What to do ->
All the lines below need to be output exactly, apart from any images.

Data segment ->

────────

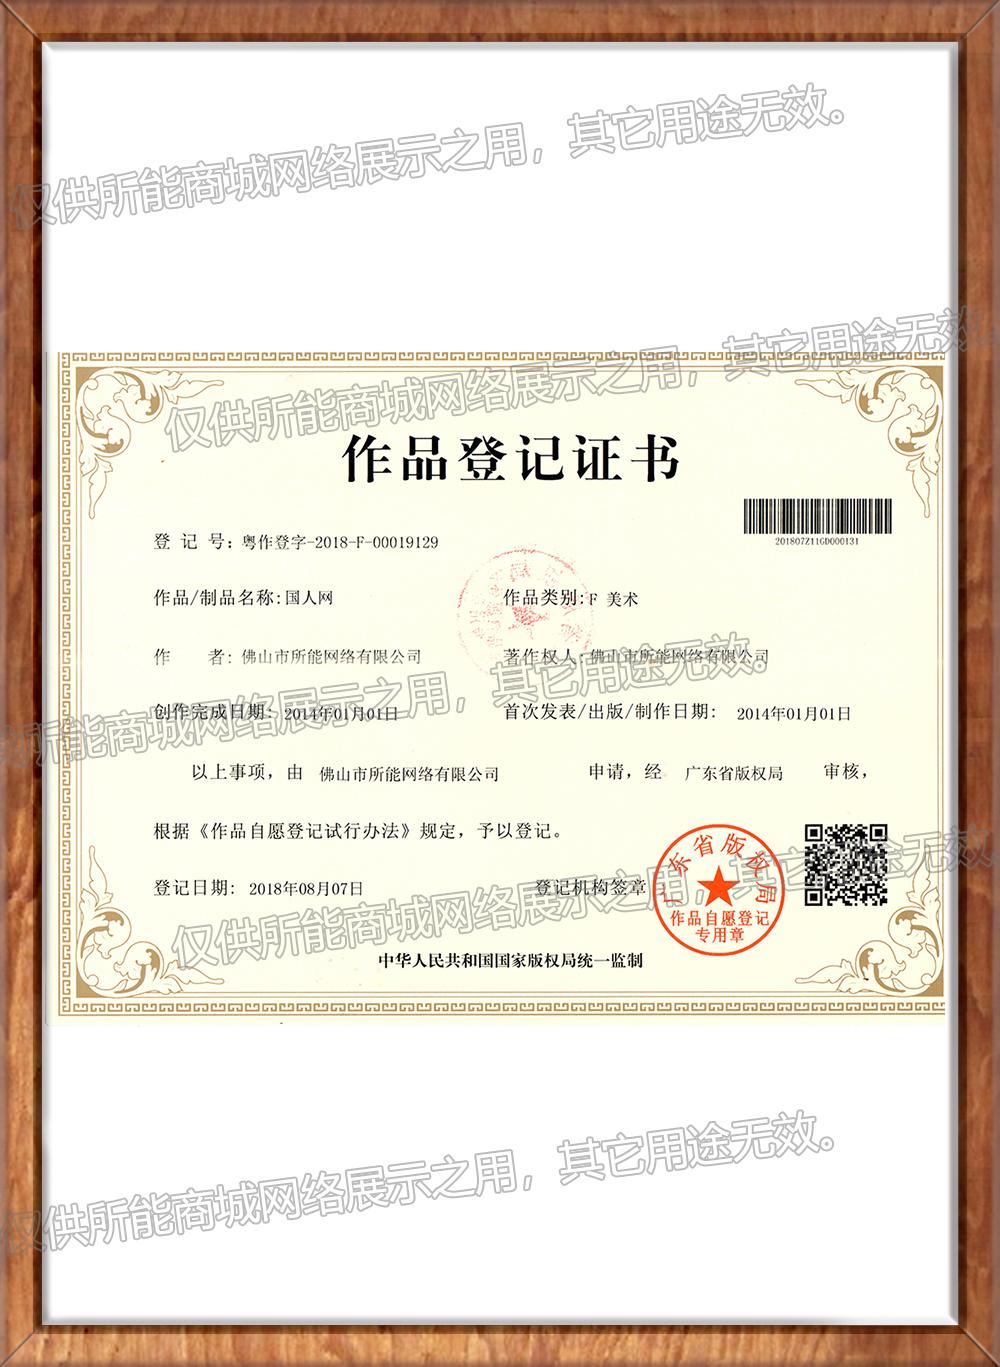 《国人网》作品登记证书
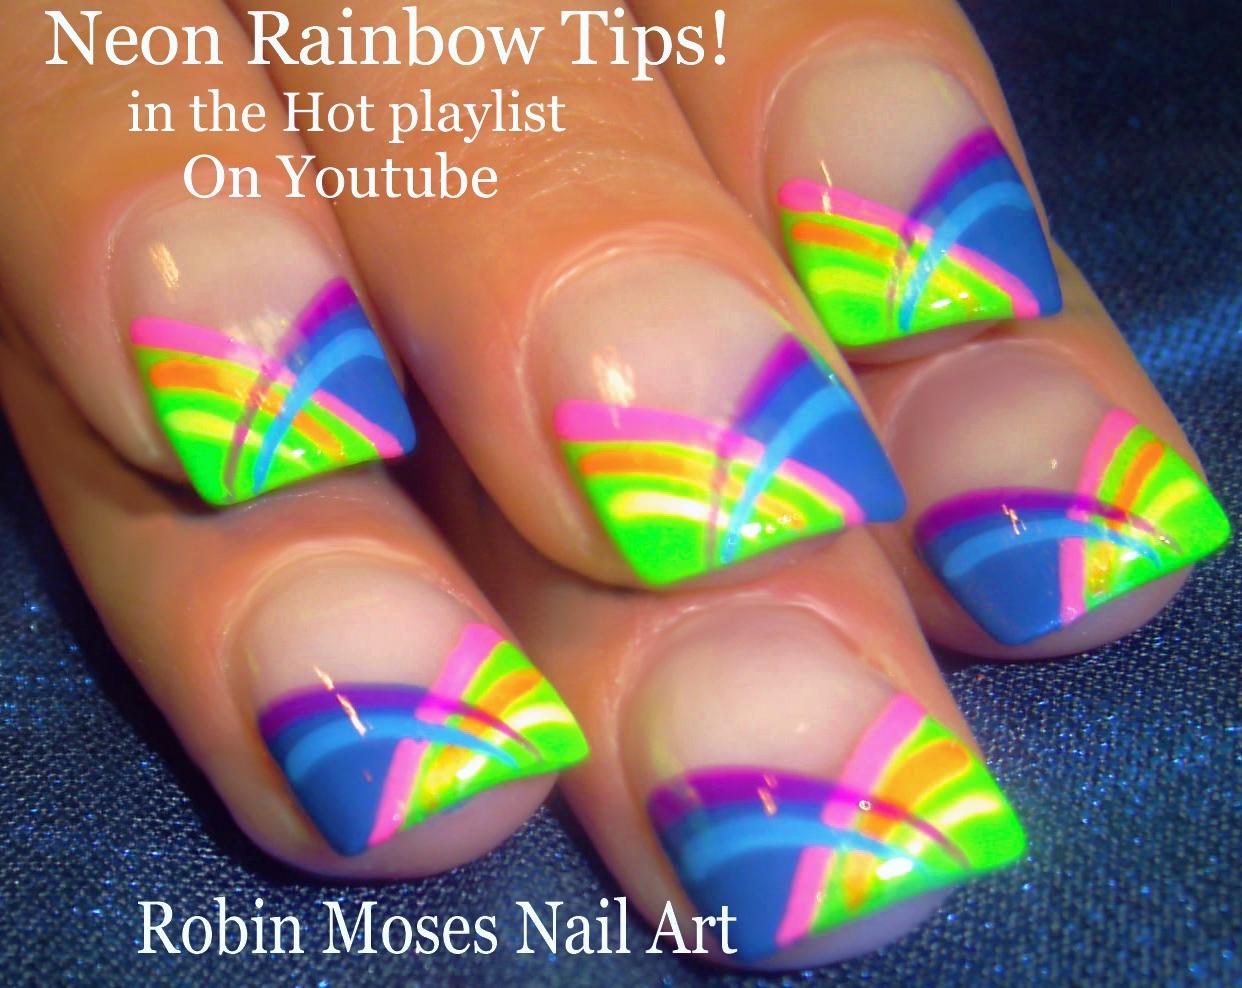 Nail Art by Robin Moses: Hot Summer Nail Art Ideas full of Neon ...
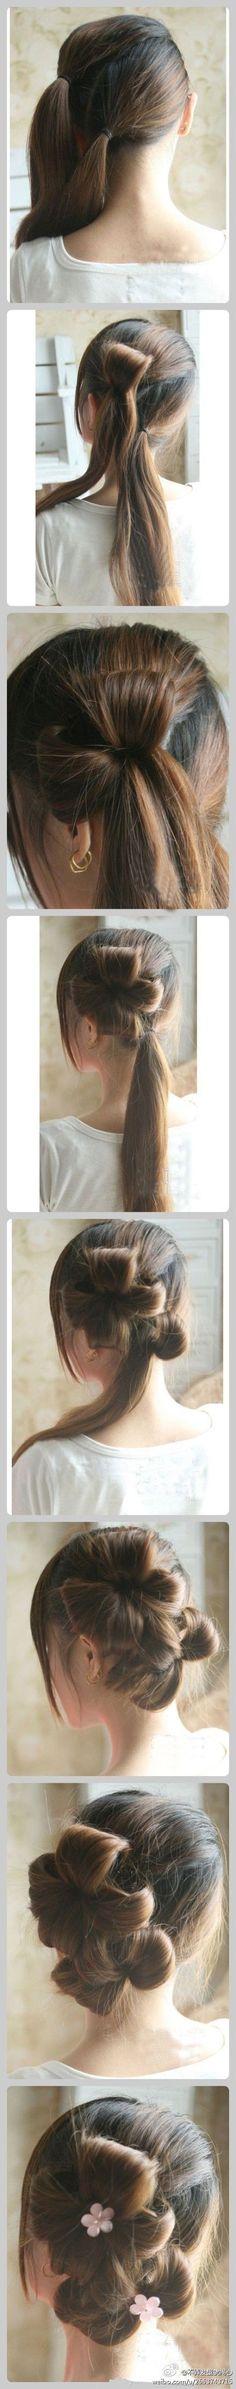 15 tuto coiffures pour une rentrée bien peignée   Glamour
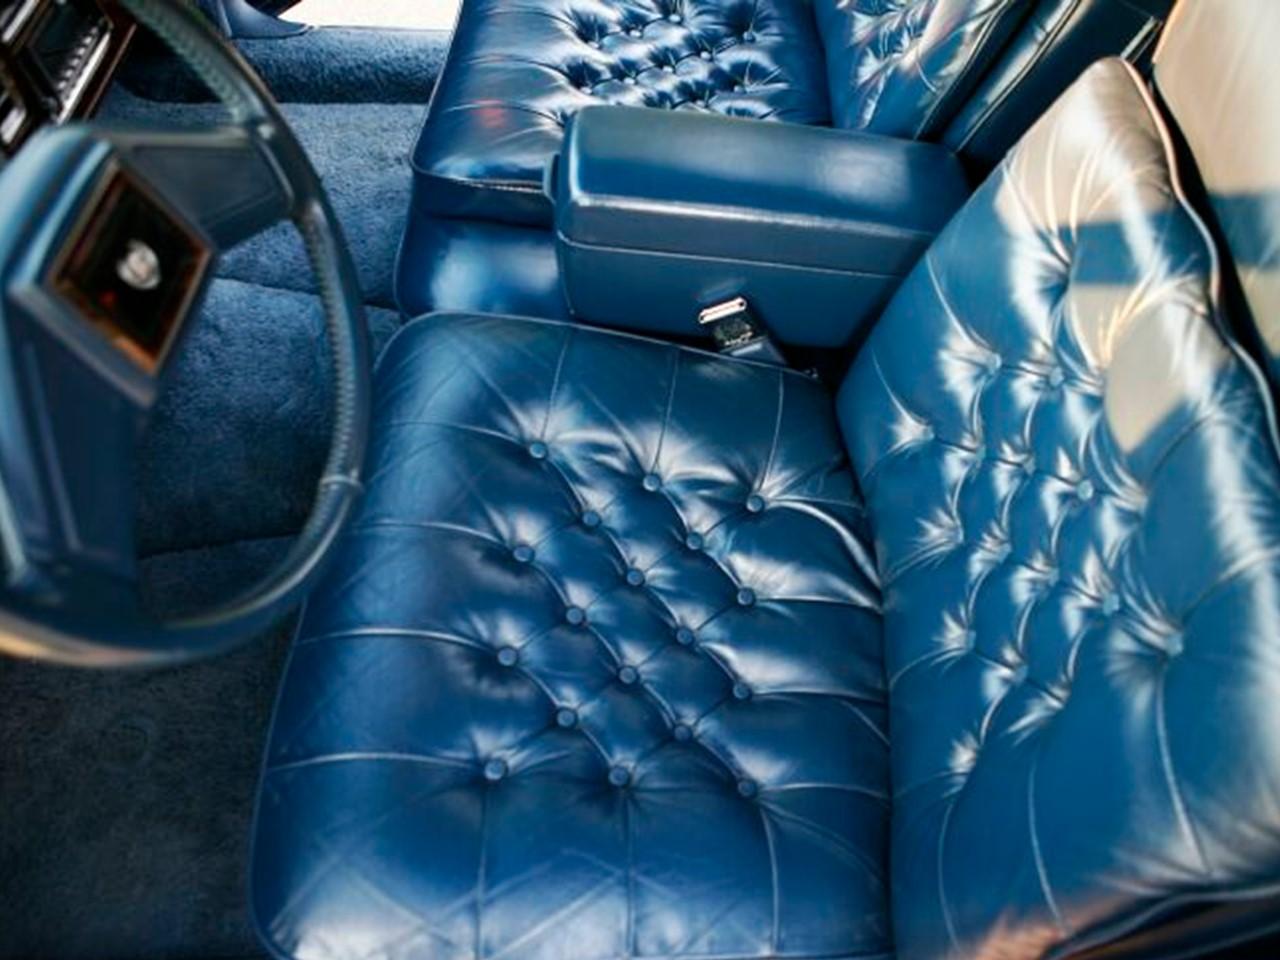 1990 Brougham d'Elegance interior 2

────────

Expected output ->
 《国人网》作品登记证书
 Nail Art by Robin Moses: Hot Summer Nail Art Ideas full of Neon ...
 15 tuto coiffures pour une rentrée bien peignée   Glamour
 1990 Brougham d'Elegance interior 2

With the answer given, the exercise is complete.